On the Thomas-Fermi ground state in a harmonic potential
Cl\'ement Gallo, Dmitry Pelinovsky
TL;DR
This paper rigorously justifies the Thomas-Fermi approximation for nonlinear ground states of the Gross-Pitaevskii equation in harmonic potentials across different dimensions, using Painlevé-II equations, and characterizes eigenvalue distributions in 1D.
Contribution
It provides a new uniform spatial scale justification of the Thomas-Fermi approximation and characterizes eigenvalues in the 1D case, advancing understanding of nonlinear quantum states.
Findings
Thomas-Fermi approximation justified on a uniform spatial scale
Eigenvalue distribution characterized in 1D
Extension of variational methods to nonlinear ground states
Abstract
We study nonlinear ground states of the Gross-Pitaevskii equation in the space of one, two and three dimensions with a radially symmetric harmonic potential.
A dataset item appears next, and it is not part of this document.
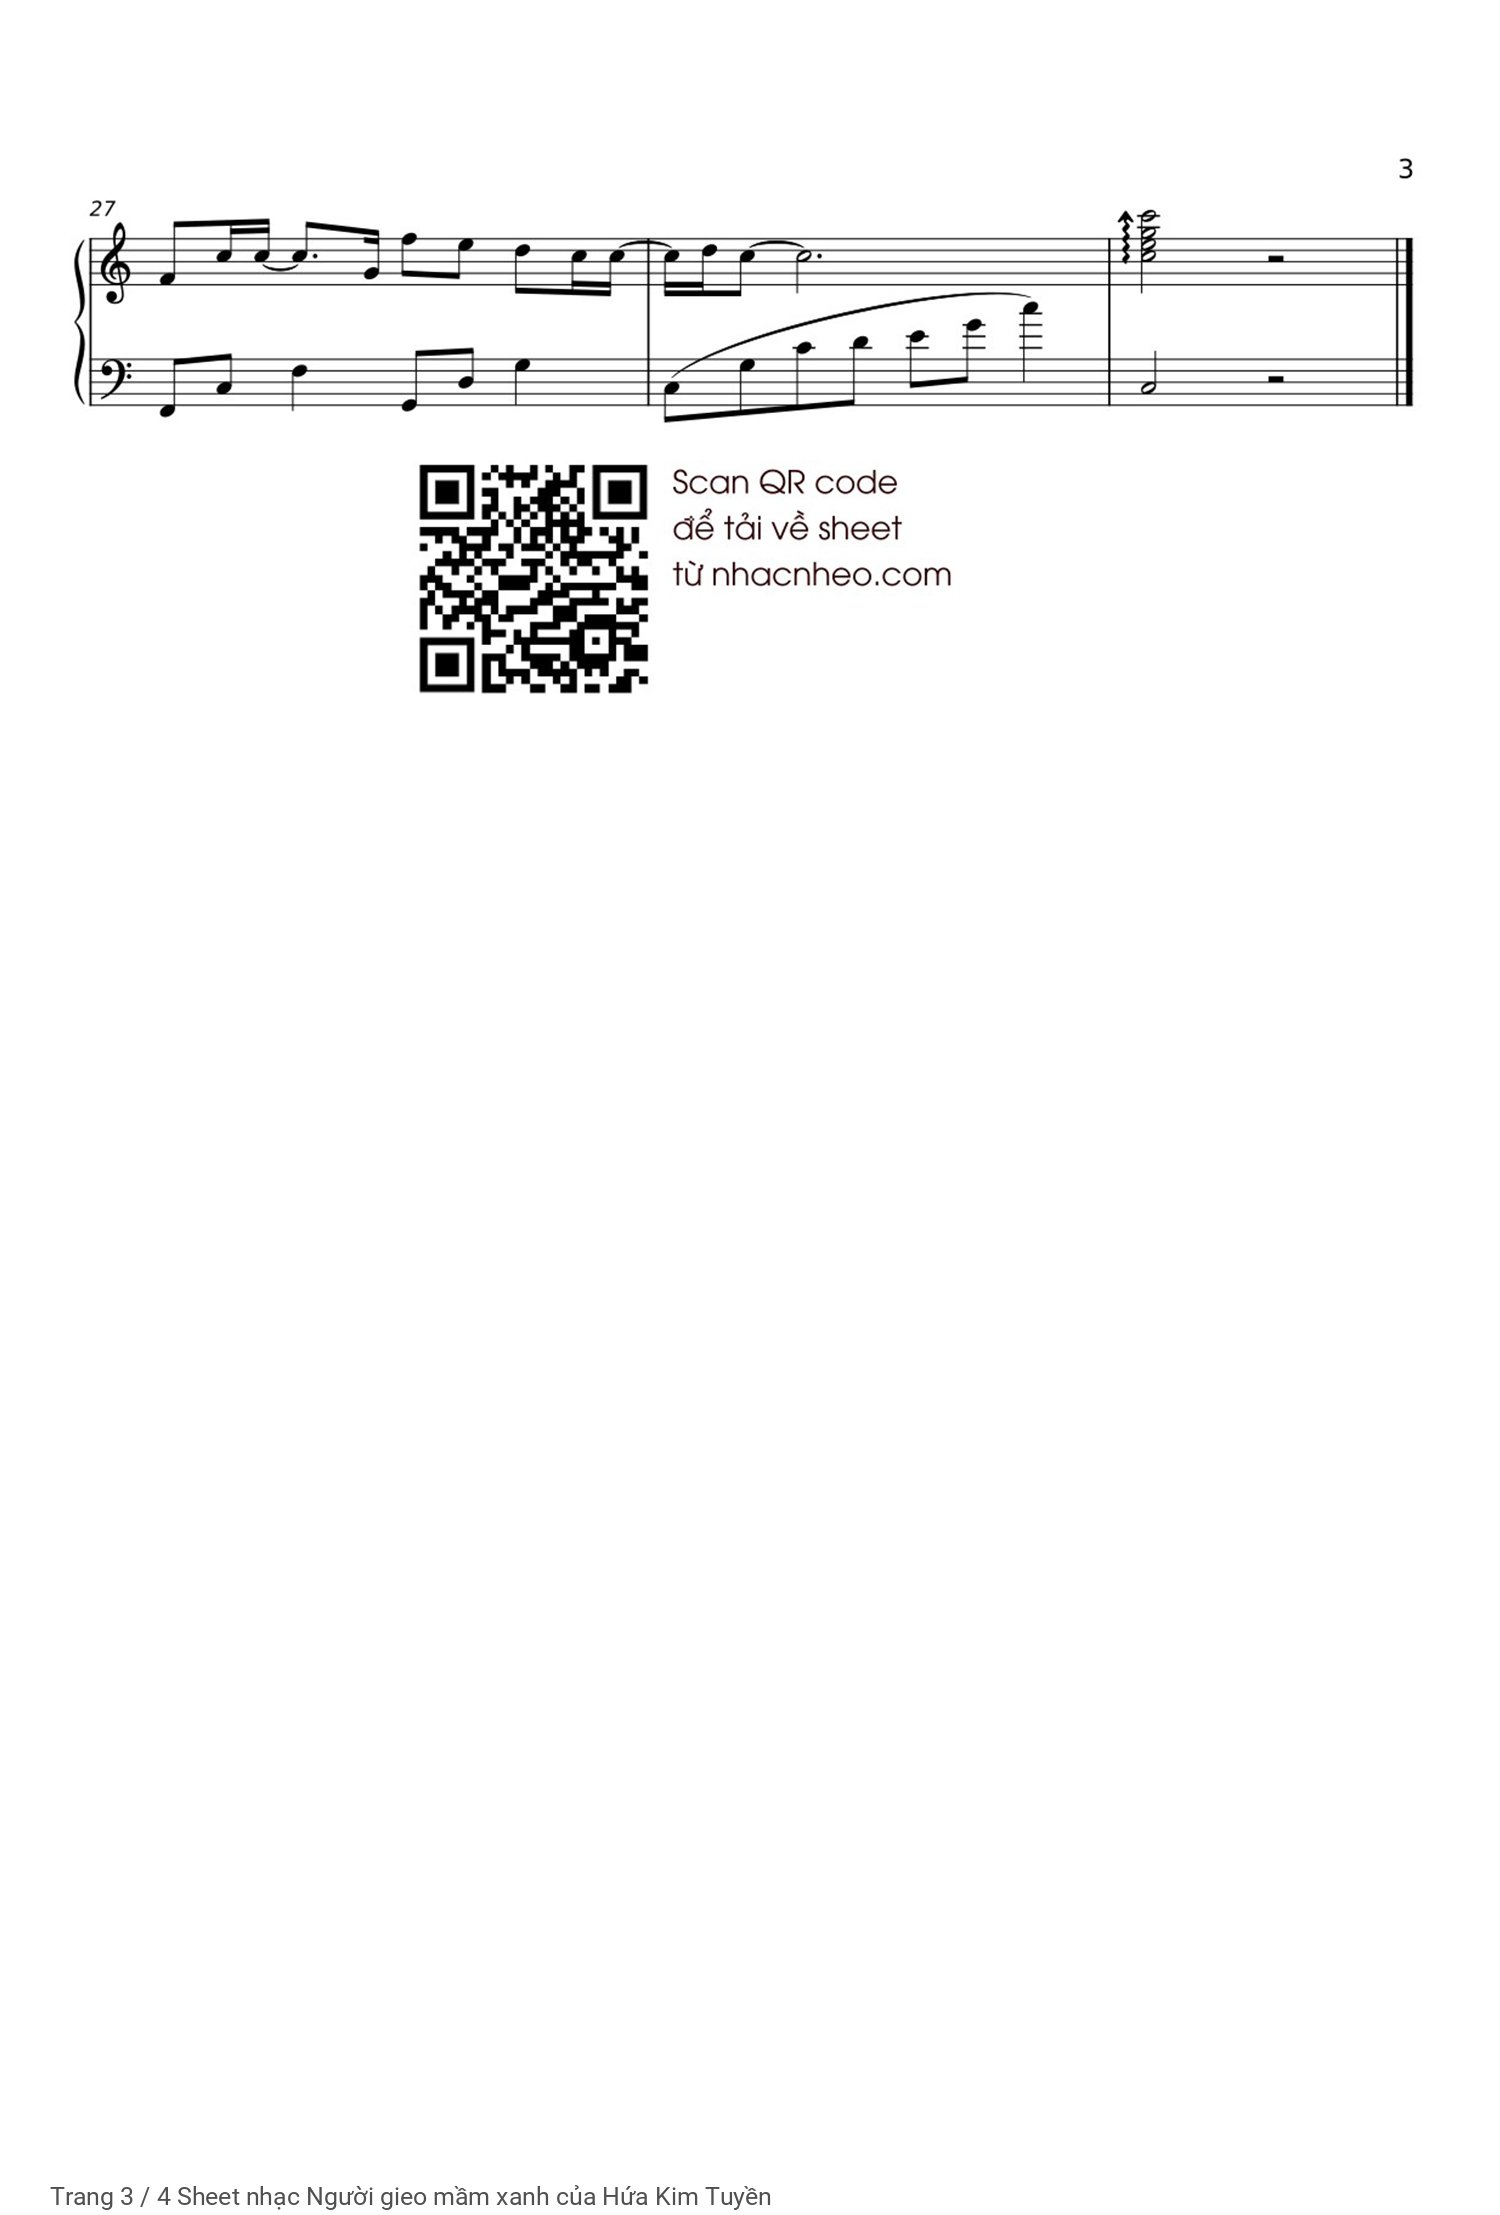 Trang 3 của Sheet nhạc PDF Piano bài hát Người gieo mầm xanh - Hứa Kim Tuyền

The Thomas-Fermi approximation of ground states on various spatial scales was recently justified using variational methods. We justify here the Thomas-Fermi approximation on an uniform spatial scale using the Painlev\'{e}-II equation. In the space of one dimension, these results allow us to characterize the distribution of eigenvalues in the point spectrum of the Schr\"{o}dinger operator associated with the nonlinear ground state.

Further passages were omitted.